Drawing Balls Probability Problem

Question

I'm attempting the same problem as posted here:

A jar contains $r$ red balls and $g$ green balls, where $r$ and $g$ are fixed positive integers. A ball is drawn from the jar randomly (with all possibilities equally likely), and then a second ball is drawn randomly.

Suppose that there are 16 balls in total, and that the probability that the two balls are the same colour is the same as the probability that they are different colours. What are $r$ and $g$ (list all possibilities)?

The claim is that the probability that the two balls are different colors is $1/2$, which means that the probability that the two balls are the same color is also $1/2$.

However, it seems to me that the probability would be $1/4$, since the probability of getting any color in both scenarios is $1/2$, which means that $1/2 \cdot 1/2 = 1/4$?

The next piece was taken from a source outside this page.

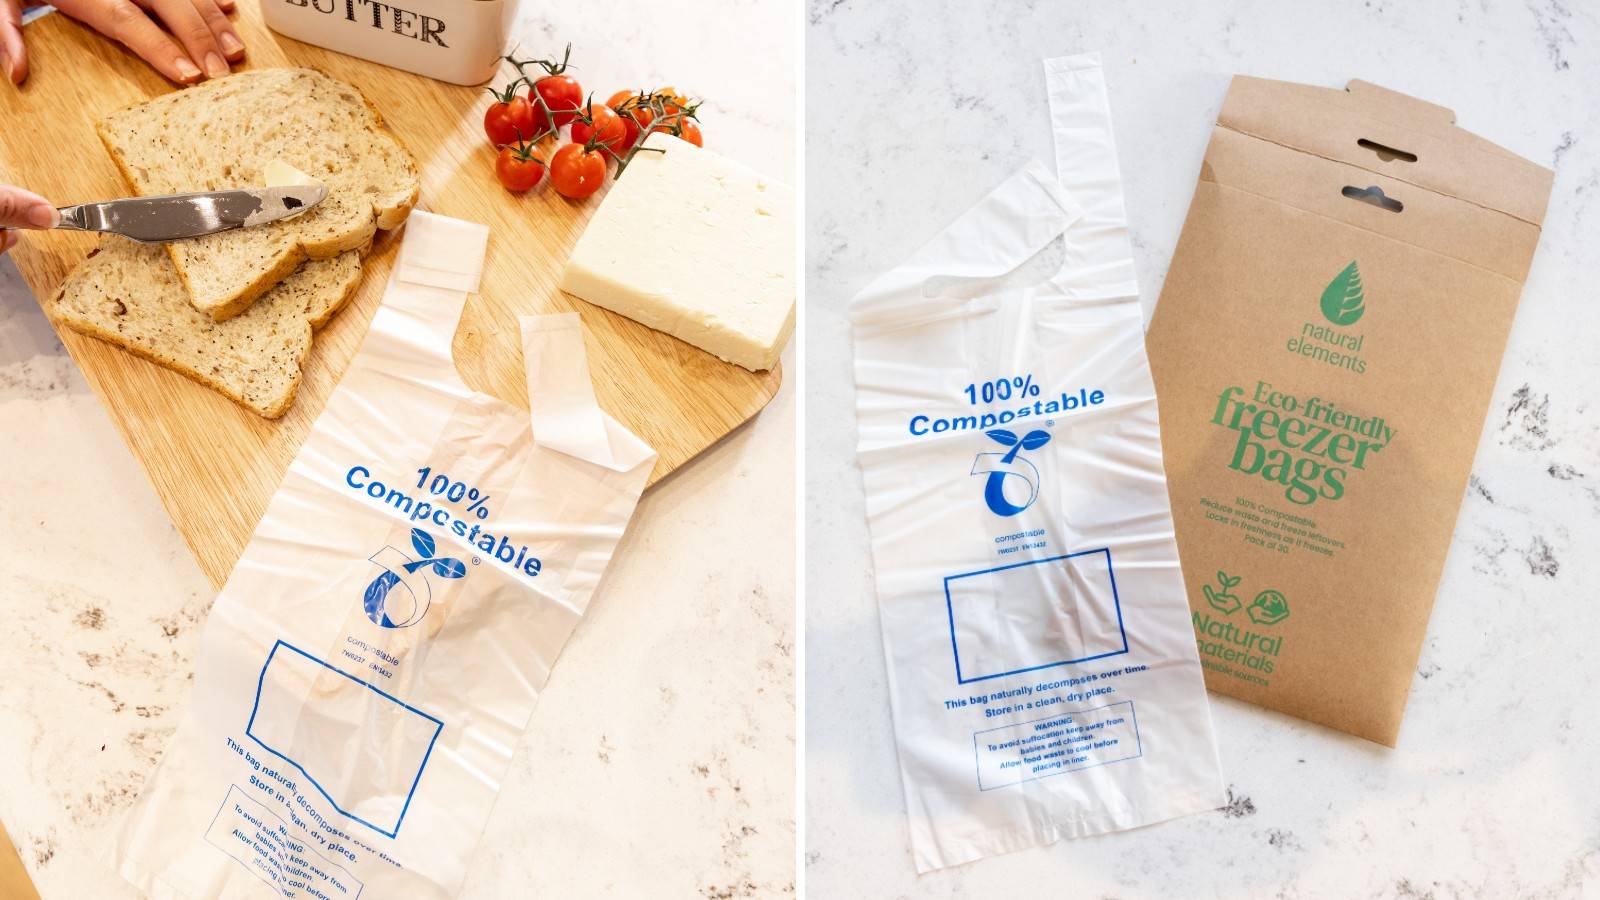 Natural Elements Eco-friendly Food & Freezer Bags

I would greatly appreciate it if people could please take the time to explain why I'm wrong and why the author is correct.

Answer 1

We generally have two distinct cases:$$A=\text{the balls have different colors}\\B=\text{the balls have same color}$$therefore$$A\cap B=\emptyset\\A\cup B=U$$where $U$ denotes the Universal Set. The probability that we draw out two balls with the same color does not remain $1\over 2$ in both draws as we do this without replacement. Also there are exactly two cases for each scenario ($A$ or $B$): for $A$ we have $(r,r)$ and $g,g$ and for $B$, $(r,g)$ and $(g,r)$